Danse ou plongeon? Dessinée d'une façon brute de décoffrage, l'image qui orne la couverture d'"Eaux troubles" entretient le doute. Doute pertinent: ces deux arts du corps partagent une évidente recherche de la grâce. Et c'est bien dans un bassin de natation que l'écrivain français Philippe Lafitte place l'intrigue de ce micro-roman, de cette novella paru il y a quelques semaines chez BSN Press. Une novella qui aurait mérité une citation au Prix de Chlore, et qui place en son centre une plongeuse boiteuse... 

Boiteuse? Pertinemment, l'auteur attire dès l'incipit l'attention du lecteur sur la démarche claudicante de Mélanie, qui est au coeur du récit: "Elle marchait dans la nuit noire...". L'enjeu est donc majeur, existentiel même pour la figure de Mélanie, le lecteur le comprend après coup: il ne sera question que de jambes et de démarche.

"Eaux troubles" a tous les airs d'une nouvelle: le nombre de personnages est restreint, et tout se passe dans une piscine, ou presque. L'auteur installe rapidement des liens et tensions entre ses personnages: la possibilité d'une idylle entre Mélanie et Claude, qui l'a engagée comme collaboratrice à mi-temps dans la piscine dont il a la charge, et la violence des rapports avec Horst, ancien de la Légion étrangère, qui travaille aussi à la piscine. Violence contre élégance: comment Mélanie va-t-elle vivre ces propositions, ces possibles? Doit-elle répondre à la violence par une violence encore plus vigoureuse, quitte à ce que le sang vienne troubler l'eau chlorée de la piscine?

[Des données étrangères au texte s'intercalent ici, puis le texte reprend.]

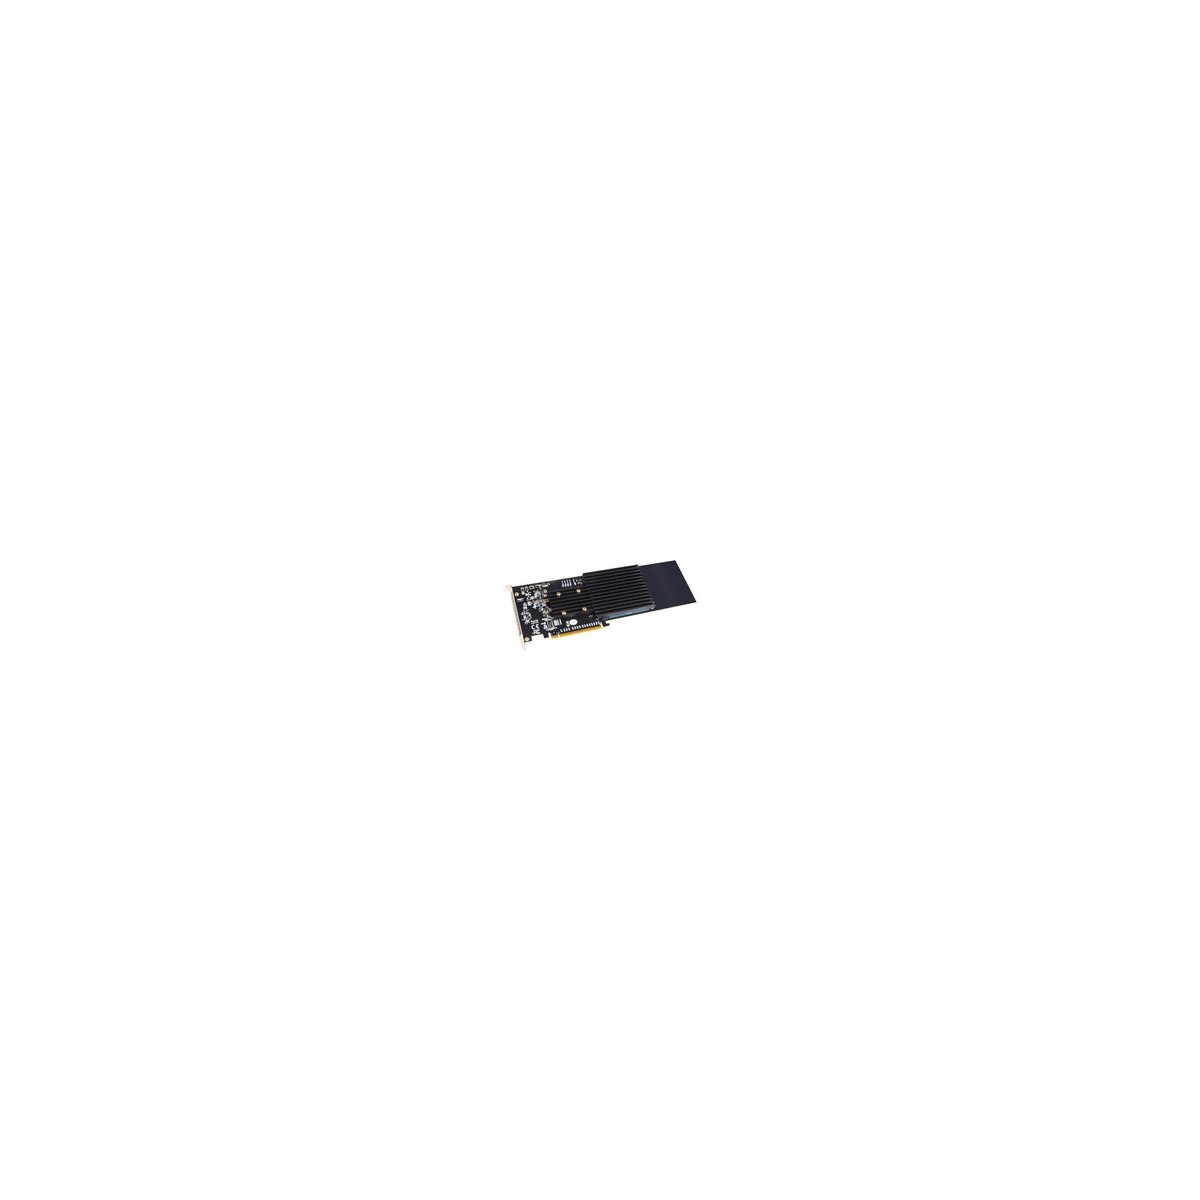 Sonnet FUS-SSD-4X4-E3S - PCIe - M.2 - Full-height - Full-length - PCI 3.0 - Black - Grey - 1 pc(s)

Triangle de tensions, oui: et c'est naturellement Mélanie qui y joue un rôle clé. L'auteur explore ce personnage en lui donnant un passé plus fouillé qu'aux autres, plus intéressant donc. Il y a cette attirance jamais démentie pour l'élément liquide, contrarié mais révélateur d'une pugnacité certaine. Il y a les violences conjugales d'un mari déçu et alcoolique, un enfant devenu adolescent et qui a pris ses distances avec sa mère. Mais si le mariage de Mélanie est un échec, il convient de relever que sa claudication est le fait d'un accident dont elle est seule responsable: l'auteur a la sagesse de ne pas charger inutilement l'ex-mari.

Depuis "Etranger au paradis" au moins, on sait que l'écrivain Philippe Lafitte est doué d'une plume solide, pertinente et aiguë dès la première phrase. Oscillant entre passé et présent, "Eaux troubles" dessine un portrait de femme presque quadragénaire, mère d'un ado, déjà éprouvée par la vie. Et interroge: a-t-on encore le droit de l'enquiquiner? En éjectant le personnage de Horst, l'auteur donne une partie de la réponse. L'autre partie, autour de Claude, le lecteur doit l'imaginer lui-même: certes, Mélanie tient la clé à molette par le bon bout; mais en déclarant, tout à la fin, "Je vais tout vous expliquer, Claude", elle laisse ouverte la possibilité d'une issue autre que violente.

Philippe Lafitte, Eaux troubles, Lausanne, BSN Press, 2017.